To maintain price stability while avoiding recession, central banks need support from their countries’ governments through other policies, said Moschella of Scuola Normale Superiore. “The central banks’ monetary policy tools work best to address the demand problem. But the central banks cannot tackle the supply-side issues, for instance, the energy shock,” she said.
Europe’s already providing an example that appears to be working – the IMF referred to the continent’s “better-than-expected adaptation to the energy crisis” as a key reason why the world might avoid a recession.
Many countries in Europe have tried to subsidise high energy costs, put caps on electricity prices for vulnerable population groups or introduced tax incentives.
Take the case of France. It froze household gas prices at October 2021 levels and capped the electricity price increase in 2022 at 4 percent over the previous year.
For 2023, the power and electricity price increase is capped at 15 percent – with poorer households getting upfront cash transfers. Spain has followed similar policies.
To be sure, the global cost of living crisis has affected French and Spanish families too, and recent pension reform proposals by the government of French President Emmanuel Macron have sparked protests. But the measures to control energy prices meant that France and Spain had the lowest inflation rates among major Eurozone economies in 2022.
In all, the IMF has said that the “resilience” shown by Europe in terms of its economic performance is partly because of the government support to the tune of 1.2 percent of the European Union GDP to households and firms hit by the energy crisis. By November last year, EU countries had set aside 600 billion euros ($654bn today) for these measures.

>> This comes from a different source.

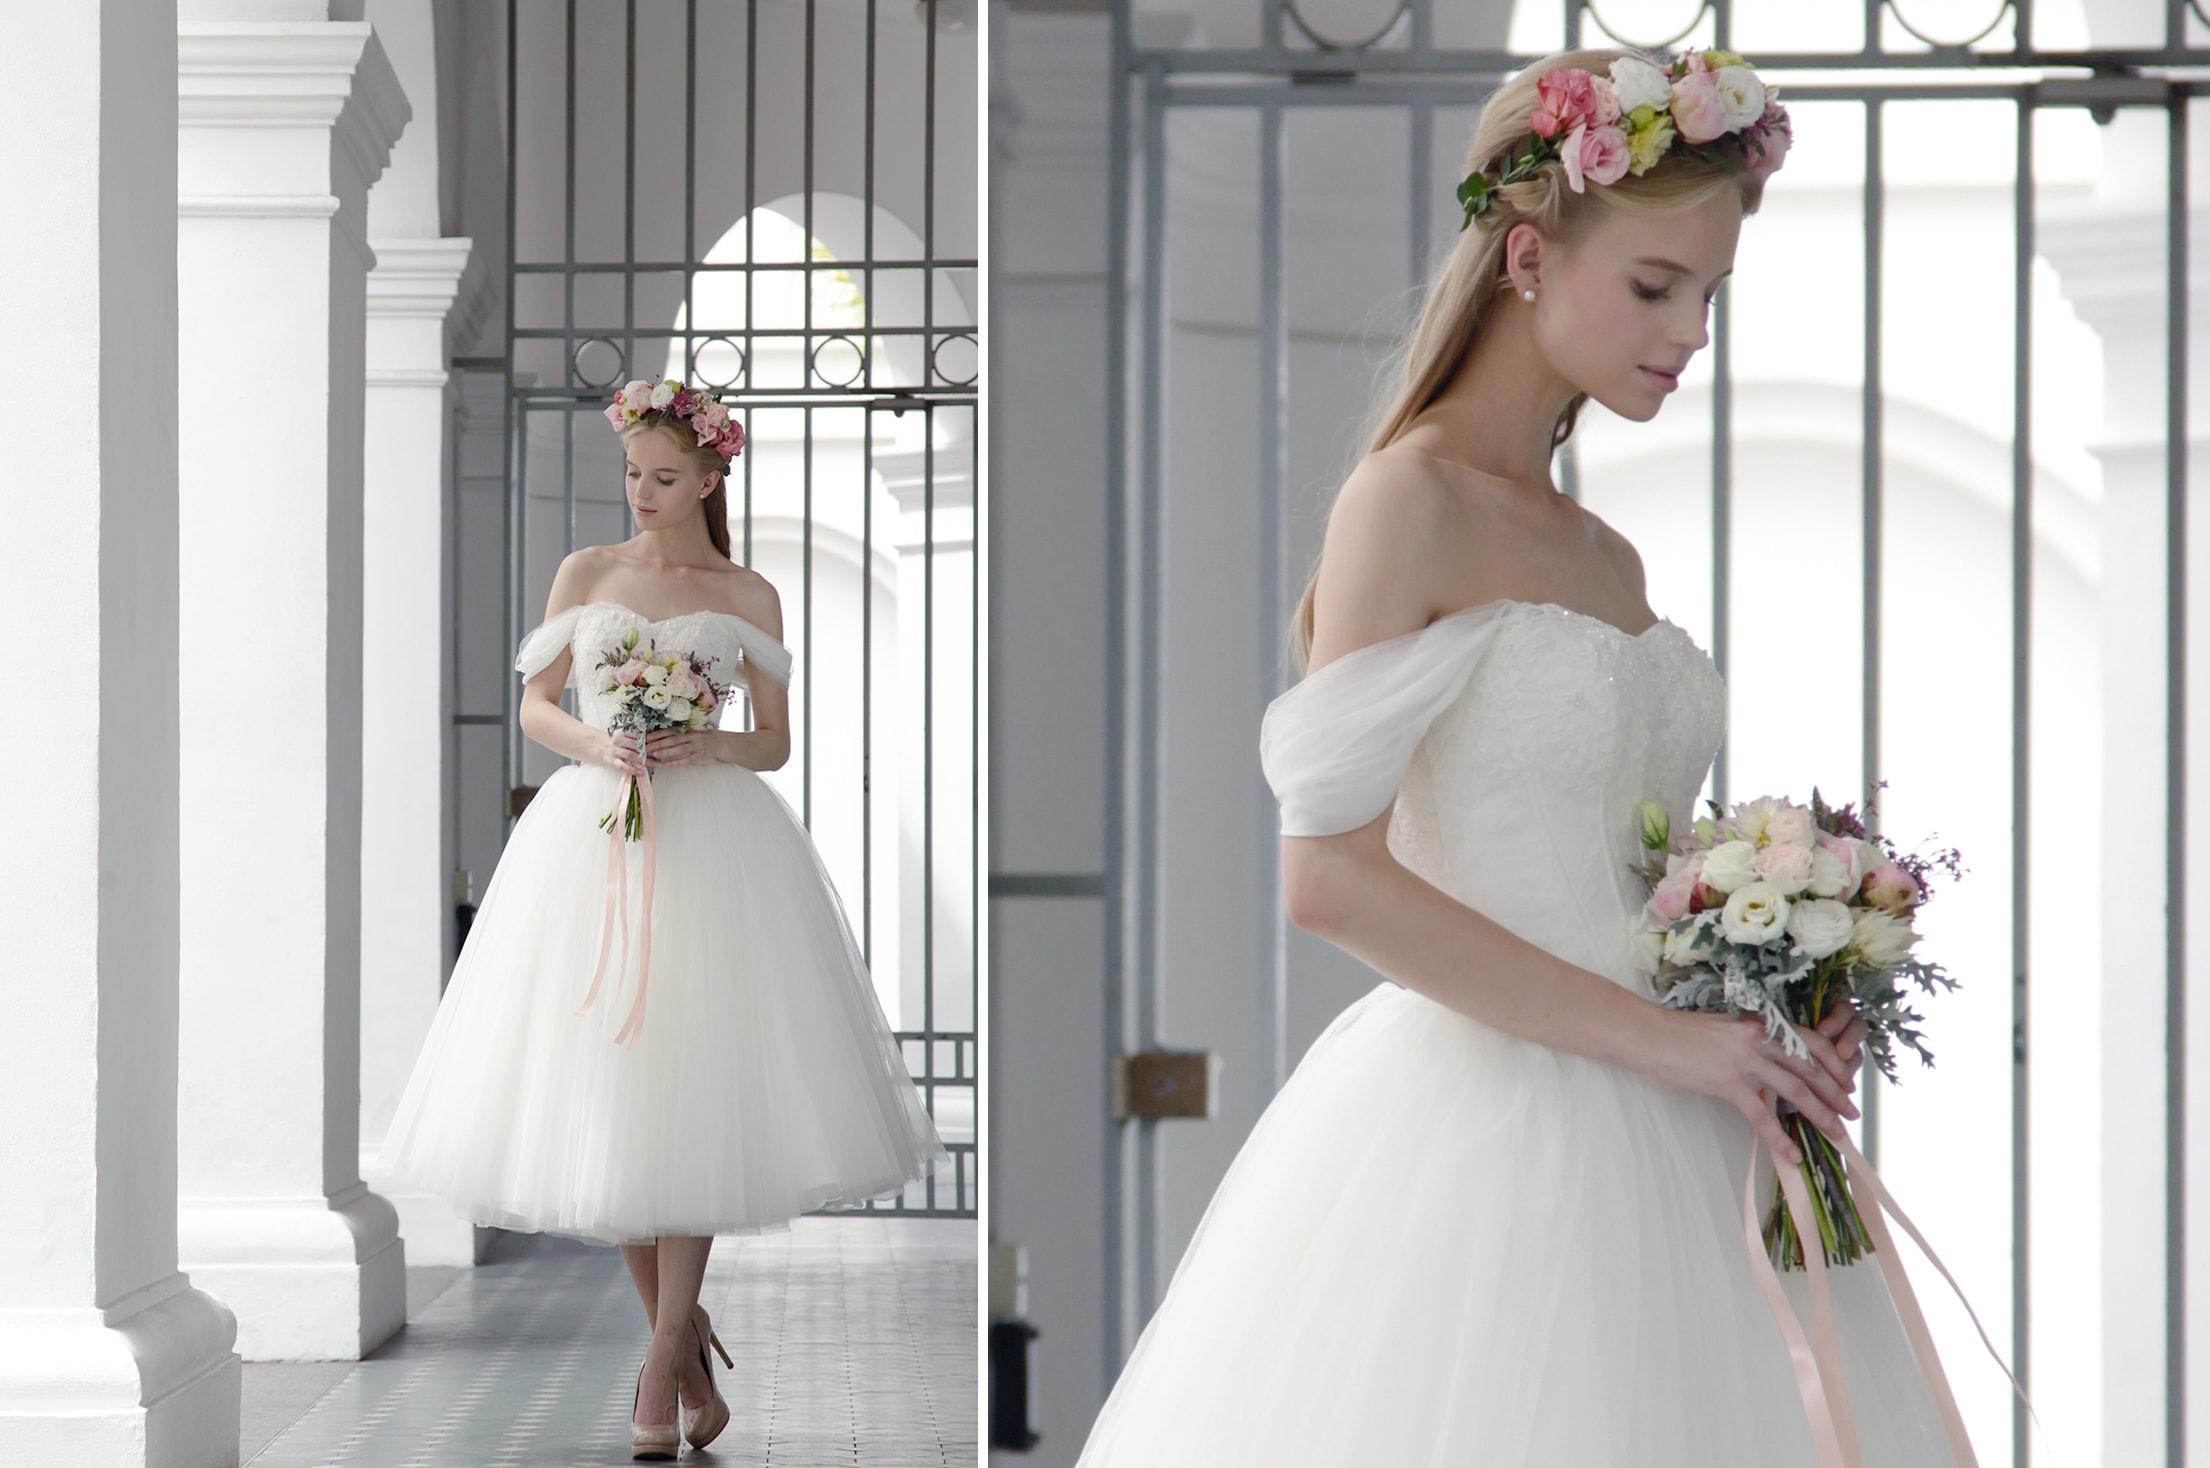 05-Z-Wedding-Off-shoulder-Engagement-Lace-Bodice-Tulle-Midi-Dress
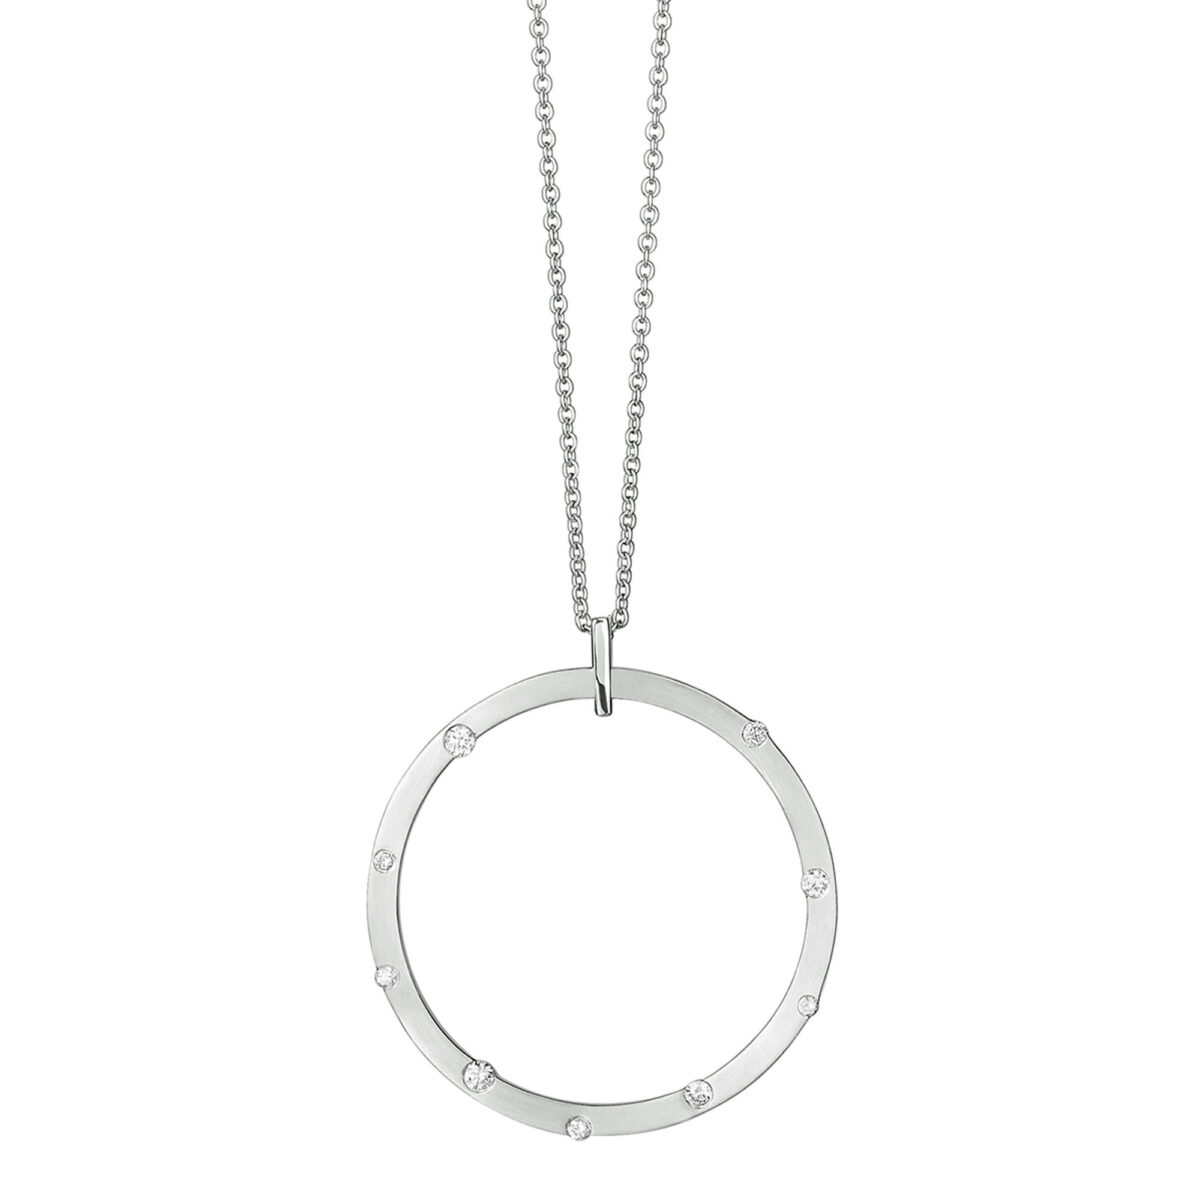 product/c/l/cloud-nine-large-silver-necklace-1.jpg;;product/c/l/cloud-nine-rose-gold-necklace-3_1.jpg;;product/d/m/dmr-packaging_61.jpg

By helping curb inflation, these measures have allowed the European Central Bank to raise interest rates less than other developed economies like the US. And Europe’s economy, which was expected to shrink in the last quarter of 2022, instead grew marginally by 0.1 percent.
Too late?
But could central banks have responded differently? When inflation began rising after COVID-19 restrictions eased across countries, central banks initially estimated that the price rise would be temporary and transitory, said Buiter. “It turned out to be neither of those,” he said.
Some experts have said central banks were too slow in responding to inflation – caused by rising consumer demand, disruption of natural gas supplies from Russia, and other supply-chain challenges. Today, even Japan, a country that in Buiter’s words “had forgotten what inflation means” is witnessing its highest rates of inflation in more than four decades.
This isn’t the first time that central banks have faced such criticism.
“During the 1975 global recession, policies generally remained supportive of demand, even as inflation was elevated,” according to a September 2022 assessment of past recessions (PDF) by the World Bank. This “contributed to persistent inflation” for years, the policy note said. Eventually, advanced economies – especially the US – tightened monetary policy, bringing down inflation, but this was “also the main driver of the 1982 global recession,” according to the World Bank, which argued in the note for a “timely” response to inflation.
However, Moschella cautioned against blaming central banks entirely for their misjudgement of the inflation that has scarred families around the globe in recent months.
“Before the COVID-19 pandemic, in most advanced countries like the USA or Eurozone, we saw a decade of deflation when inflation was not picking up and they struggled to revive economic activities,” she said. “Inflation did look transitory in the beginning.” Now, as they play catch up, “central banks have to press the acceleration button really hard”, Moschella said.
Over the past half-century, the world economy has – apart from 1975 and 1982 – also seen recessions in 1991, 2009 and 2020.
Even if the world manages to avoid a recession in 2023, a sharp economic slowdown will hurt millions of working people globally, according to economists. Measures taken by European nations too will only soften the blow for their citizens, not shield them completely.
“Painless disinflation is a myth,” Buiter said.